Женщины молчали. Женя тоже молчала, не в силах отойти.
Наконец одна из женщин, не поворачивая головы, дрожащим голосом сказала:
— Это Катерина Бондарь, из пятнадцатой квартиры. Еврейского ребенка у себя прятала… Девочку сразу же прикладом по голове и в машину. И Катерину туда же…
— Должно, в Бабий яр повезли, — прошептала другая.
— Куда же еще?
Она посмотрела на женщин. Одна из них была моложе, другая старше. Они переглянулись, и теперь уже не слепой страх, а жгучую боль и гнев увидела Женя в их глазах. Поняла, что стоит ей сказать: «Я бежала из этого… яра, спасите меня», — и женщины спрятали бы ее, как прятала еврейского ребенка Катерина Бондарь.

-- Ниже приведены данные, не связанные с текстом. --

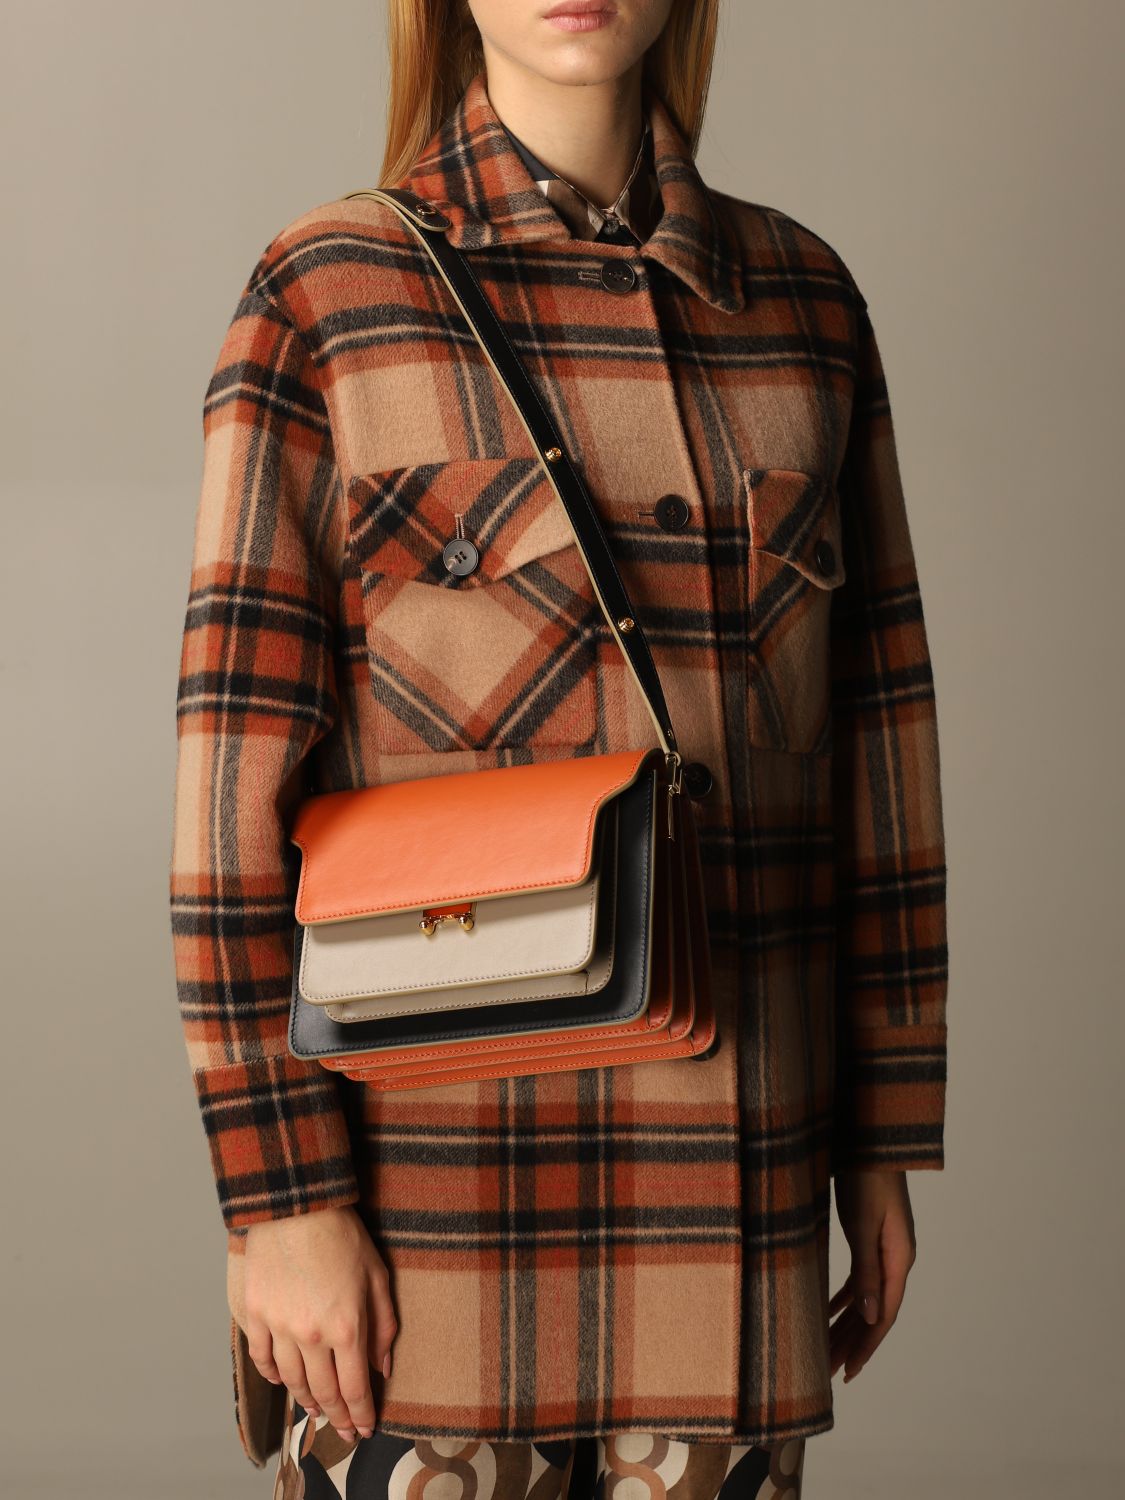 Brown Trunk medium colour-block leather shoulder bag, Marni

Женя, задыхаясь, проглотила слезы.
Она ничего им не скажет. У них, наверное, дети, и не может она спасать себя такой страшной ценой.

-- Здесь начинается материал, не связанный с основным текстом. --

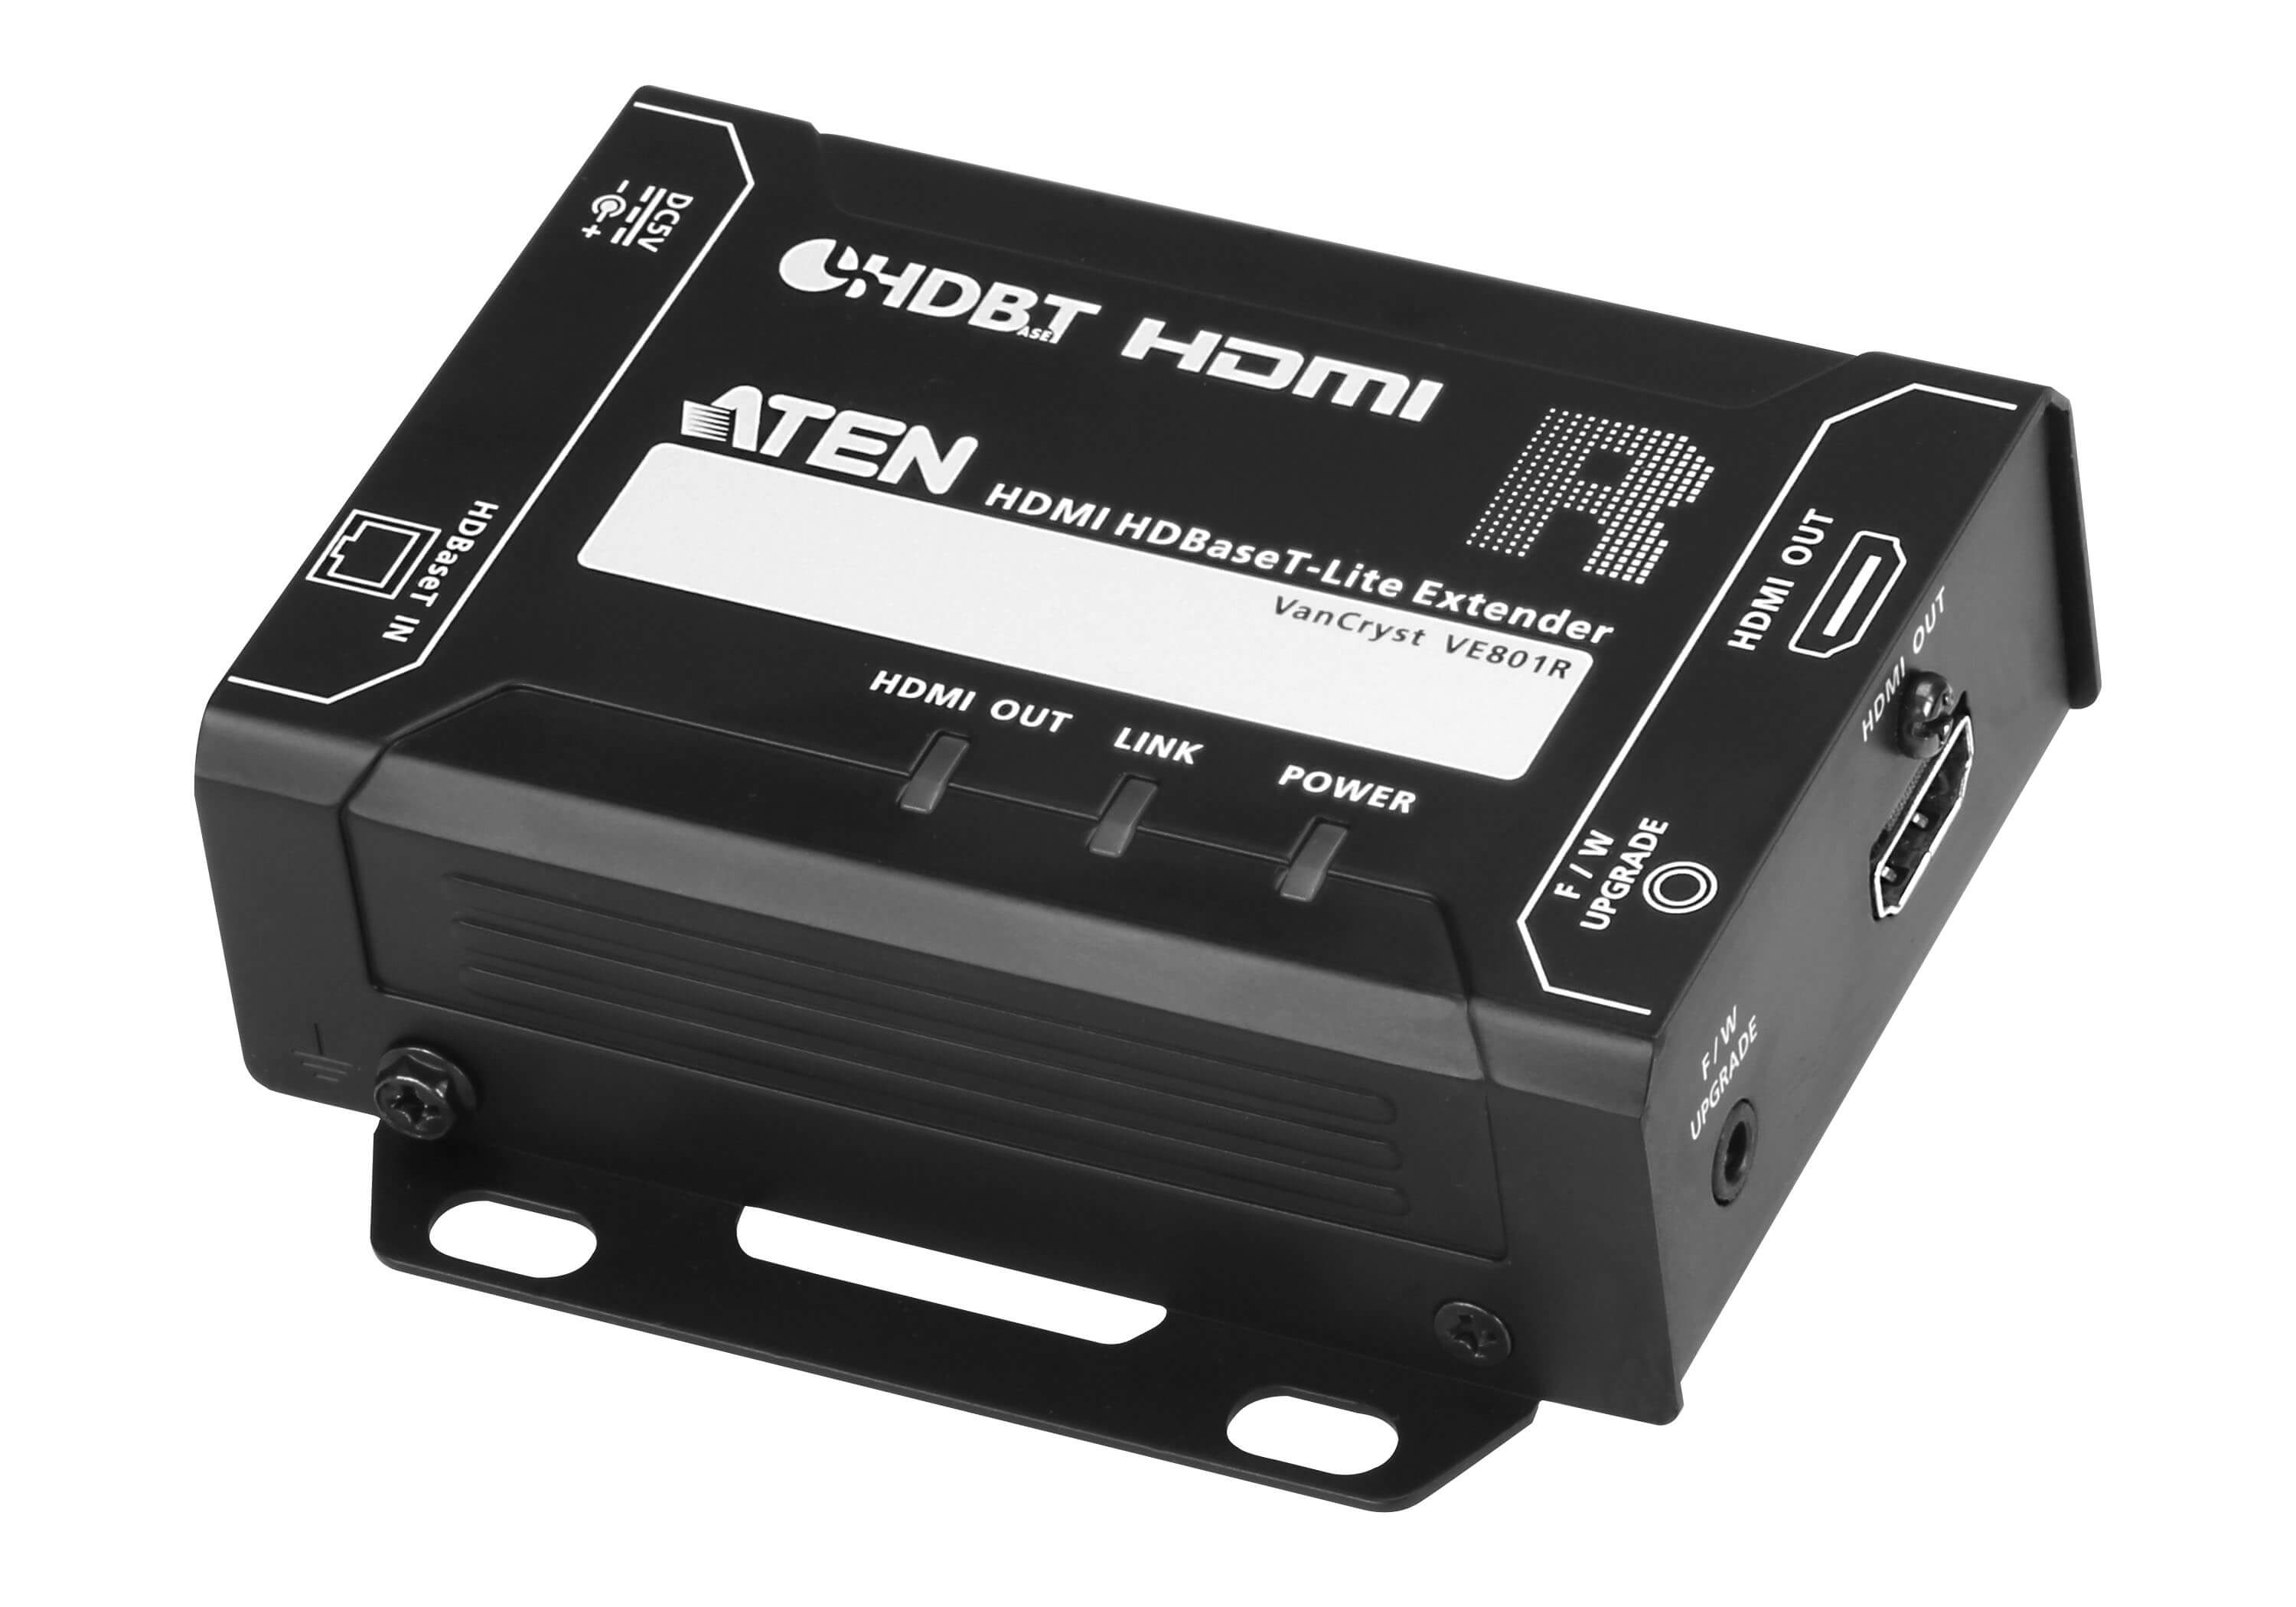 ATEN VanCryst VE801 HDMI HDBaseT-Lite Extender, Receiver

По улице вновь промчалась машина с немцами и полицаями.
«Охота на людей», — прошептала Женя и повернула назад. Нет, и к Ярошу она не пойдет, не имеет права. Может быть, он скрывается, ведь никто, кроме дворничихи, не знает, что он там. Может, за ним следят? Они ведь ни о чем не успели поговорить, ни о чем не успели условиться… Может быть, рядом с ним, на том же этаже, живут люди, которые донесут, сразу же пойдут звать немцев. От одной мысли, что из-за нее может погибнуть Ярош, ее стал бить озноб.
Не заметила, как прошла уже знакомый путь до оврага под Старокиевской горой. Но теперь этот крутой обрыв, хотя кругом было светло, казался ей западнею. Сверху — со всех сторон — виден каждый ее шаг. Она беспомощно посмотрела вокруг. Глинистый откос поднимался над ее головой. «Это тоже яр, тоже яр», — мелькнула мысль.
Стиснув зубы, Женя побежала по ступенькам вверх на другую сторону оврага, вышла в тесный Десятинный переулок и повернула налево. Это сюда она приводила школьников на раскопки развалин Десятинной церкви. Древнее киевское городище, княжеские палаты, сторожевые башни — все это было когда-то здесь и исчезло навеки.
Да что там старина! Даже летние экскурсии прошлого года казались Жене теперь чем-то неимоверно далеким. Это было в другом веке, в другой жизни.
Она быстрым шагом обошла Андреевскую церковь и там, на склоне, в густом кустарнике, почувствовала себя в безопасности. Здесь не было яра, не было колодца, в который каждый мог сверху заглянуть. Крутой склон сбегал к каким-то задворкам, а впереди… Лишь теперь Женя глянула перед собой и замерла. Безграничный простор хлынул в ее широко раскрытые глаза. Днепровские дали открылись ей в горячих переливах желтых осенних красок. Приднепровские луга протянулись до самого горизонта, до темной стены соснового бора. А ближе, под кручею, голубым рушником простерся меж песчаных берегов Днепр.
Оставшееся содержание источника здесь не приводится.